Pada siklus I (69,05%) dan pada siklus II (85,71%) dari seluruh siswa telah mencapai tingkat ketuntasan belajar. Dengan demikian dapat dikatakan kelas tersebut telah tuntas belajar, karena terdapat

85% siswa yang memiliki tingkat kemampuan pemecahan masalah sedang.

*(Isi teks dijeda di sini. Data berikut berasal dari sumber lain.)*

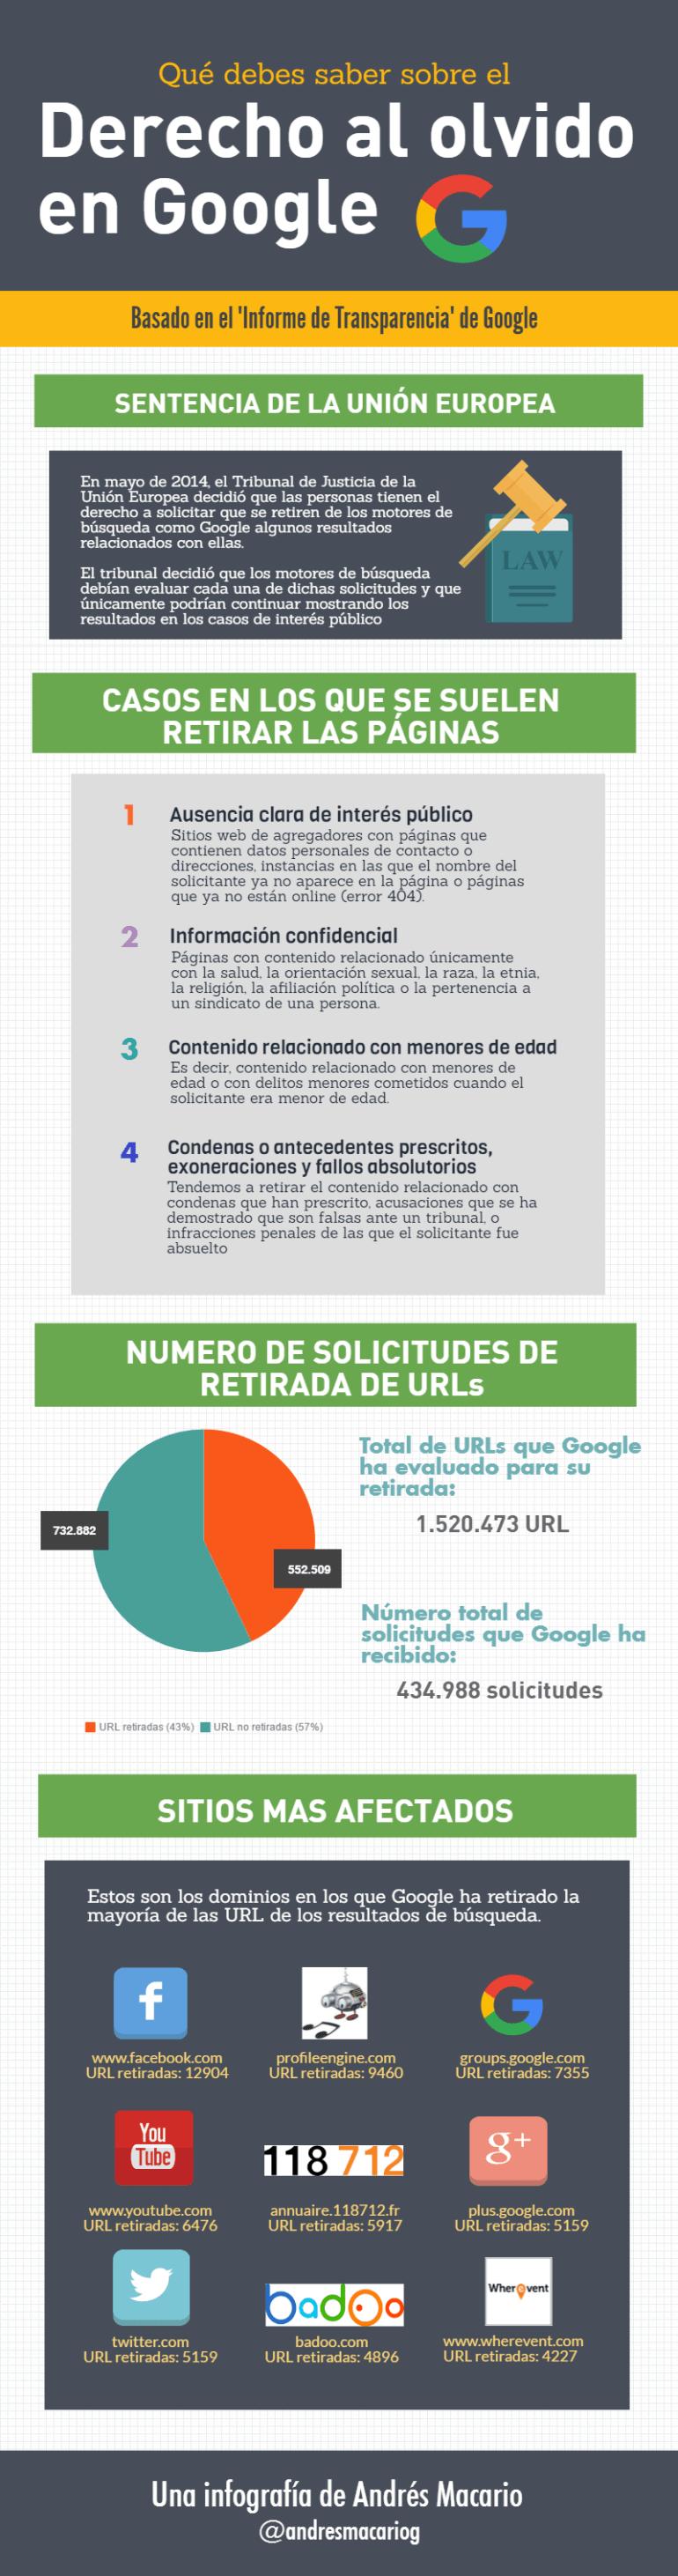 derecho-al-olvido-infografia-de-andres-macario

Dari temuan penelitian yang relevan di atas, peneliti menyimpulkan hasil penelitian terdahulu pada pembelajaran yang menerapkan model pembelajaran Problem Based Learning memiliki kemampuan pemecahan masalah yang lebih baik daripada sebelum dilaksanakan proses pembelajaran. Hasil temuan peneliti yang relevan tersebut menguatkan temuan peneliti bahwa dengan model pembelajaran Problem Based Learning dapat meningkatkan kemampuan pemecahan masalah matematika di kelas X TKJ SMK Swasta PAB 9 Sampali. Proses belajar siswa lebih aktif dan bermakna, dimana dengan model Problem Based Learning, siswa dituntut untuk dapat menemukan sendiri konsep dari materi yang sedang dipelajari. Sedangkan guru hanya memberikan sedikit bantuan kepada siswa dalam menemukan konsep itu.

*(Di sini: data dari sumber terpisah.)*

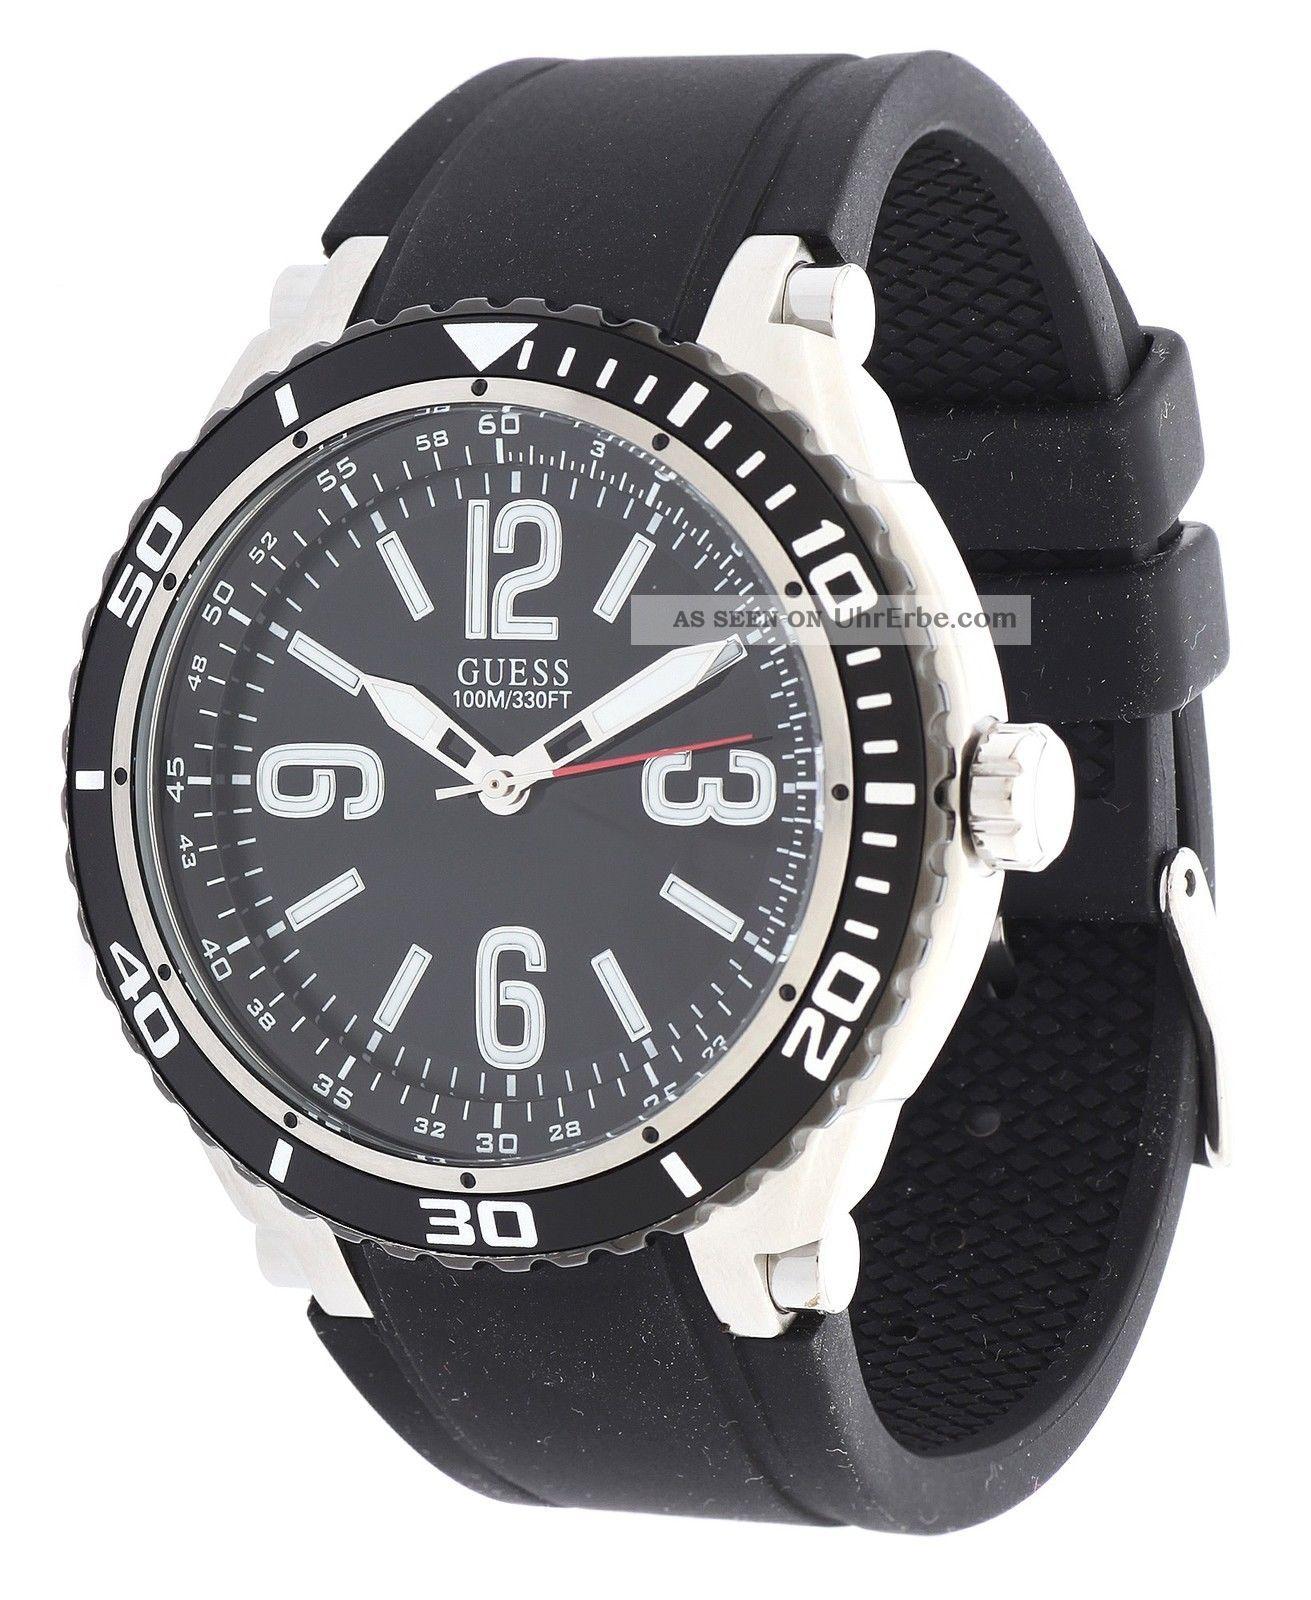 Guess Damen Armbanduhr Marathon Schwarz W0044g1 Armbanduhren Bild

Namun dalam pelaksanaan penelitian, peneliti menemukan banyak kelemahan-kelemahan sehingga dengan model pembelajaran problem based

learning, tidak menjadikan seluruh siswa memperoleh nilai yang tinggi. Adapun kelemahan peneliti selama pembelajaran berlangsung, antara lain:

1. Waktu yang digunakan pada saat penelitian ini relatif singkat, sedangkan pembelajaran dengan menerapkan model pembelajaran problem based learning membutuhkan waktu yang lama.

2. Lingkungan kelas yang tidak mendukung terutama dari siswanya yang sulit memahami pembelajaran yang dimaksudkan peneliti.

3. Dalam menjalankan diskusi kelompok, ada kalanya beberapa siswa yang menyempatkan waktu untuk bermain-main. Tidak menjalankan diskusi kelompok dengan benar-benar memecahkan masalah yang diberikan guru. 4. Karakteristik siswa yang berada di kelas sangat beragam dengan kemampuan

yang berbeda, keberanian siswa dalam mengemukakan pendapat dan bertanya yang rendah. Hal ini berpengaruh pada kegiatan siswa.

Dengan demikian peneliti akan memperbaiki semua kekurangan atau kelemahan peneliti dalam penelitian selanjutnya sehingga dapat memperoleh hasil yang lebih baik lagi.